From the first line to the last, give the material again exactly, without the images.

### Input data
+++++

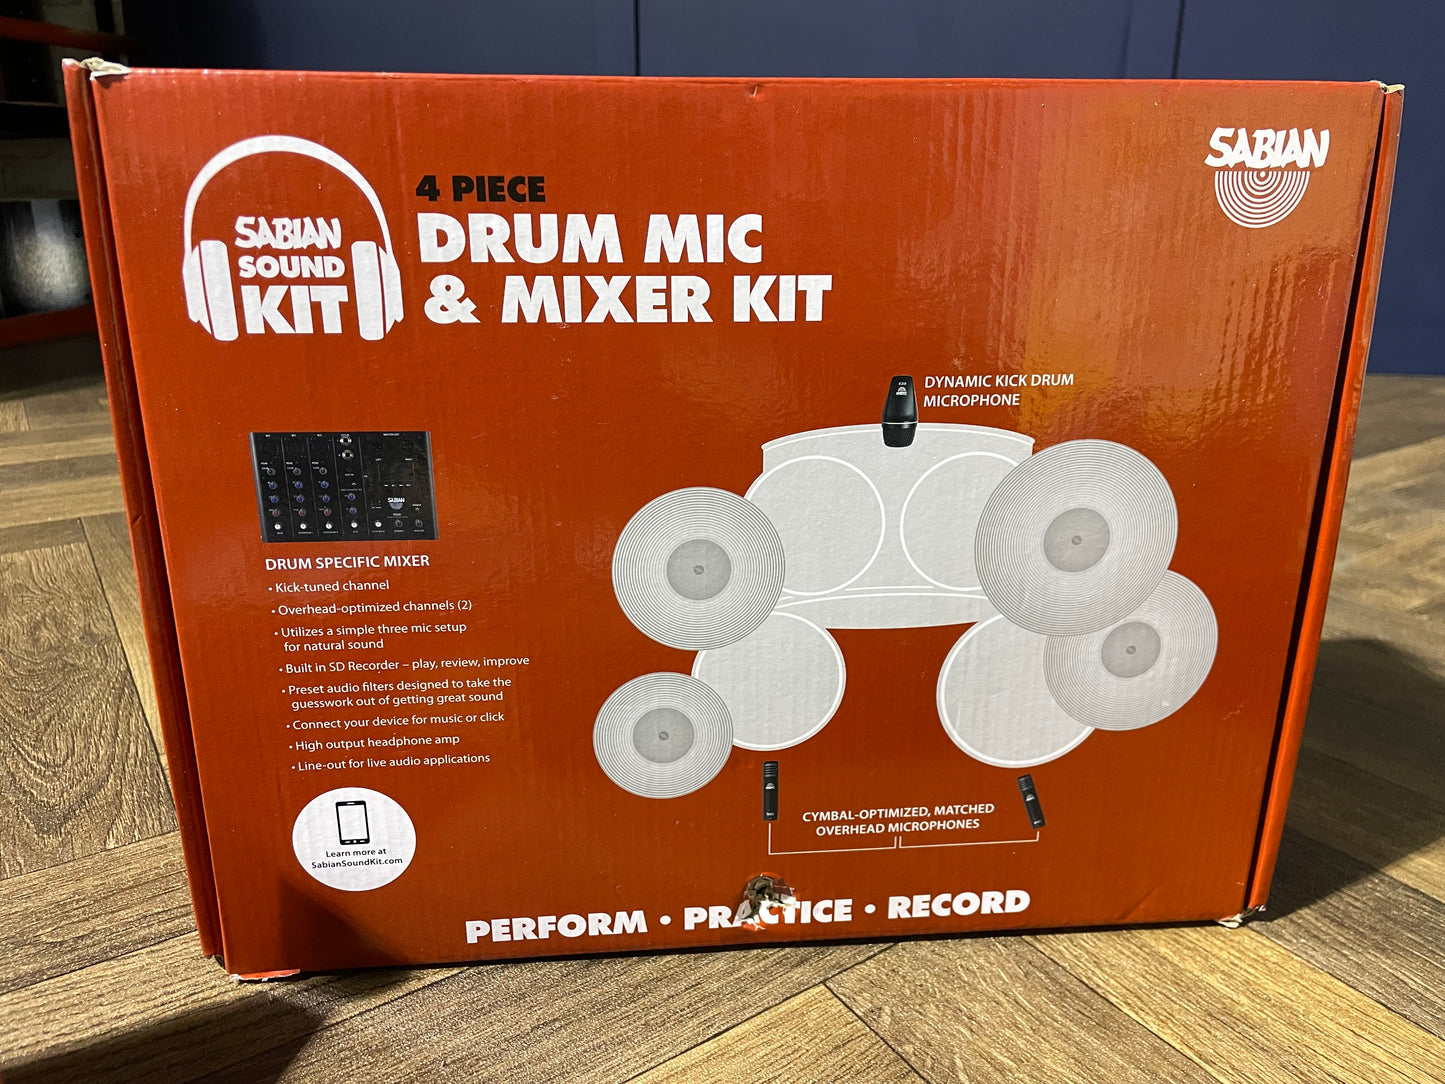 Sabian Sound Kit Complete 4 Piece Drum Mic & Mixer Kit #JU36
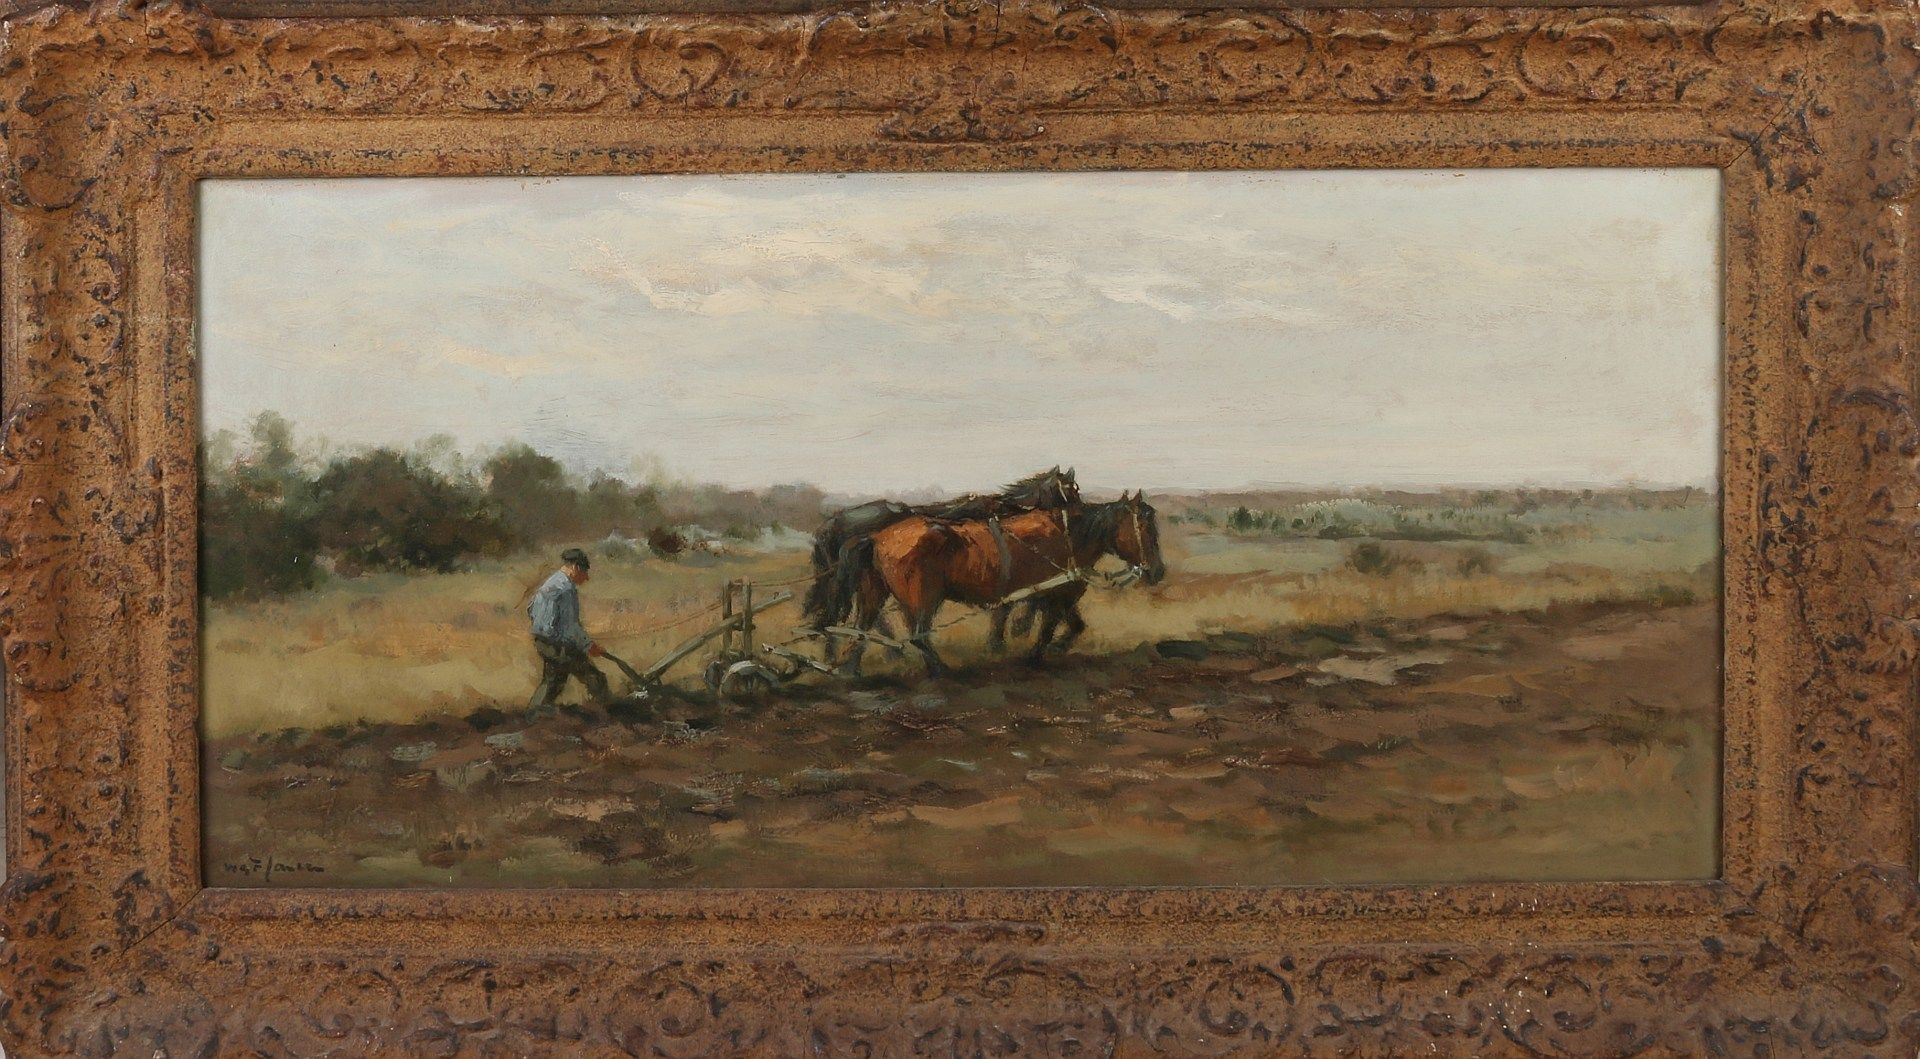 WGF Jansen, Plowing farmer with horse team
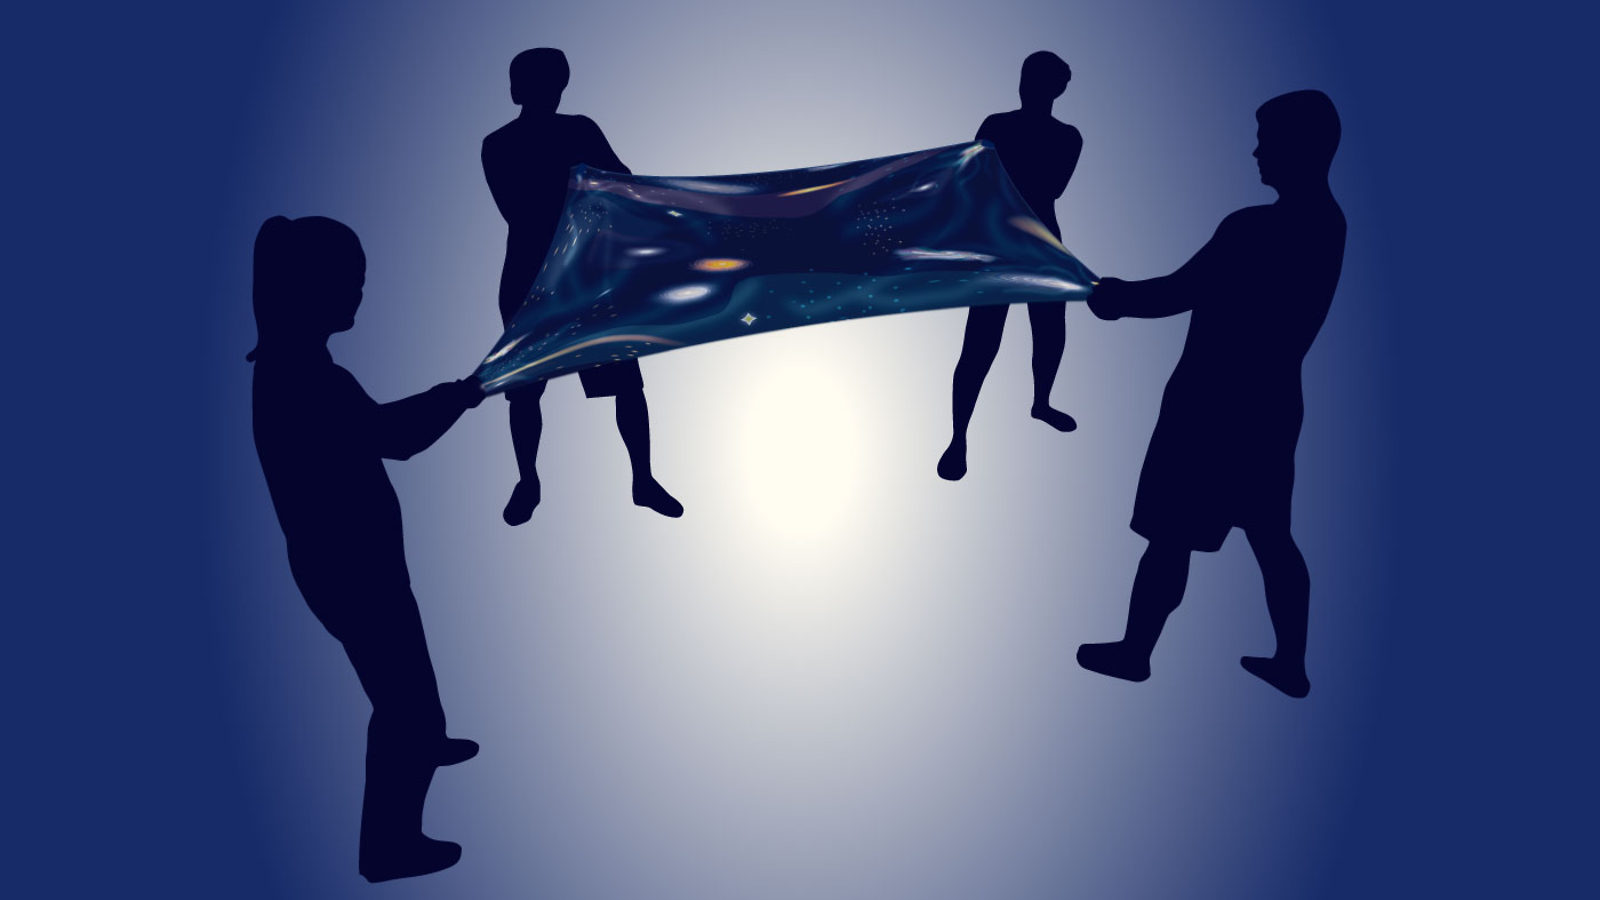 Illustration of four people holding four corner of a dark energy blanket

+++++

### Exercise response
 Sabian Sound Kit Complete 4 Piece Drum Mic & Mixer Kit #JU36
 WGF Jansen, Plowing farmer with horse team
 Illustration of four people holding four corner of a dark energy blanket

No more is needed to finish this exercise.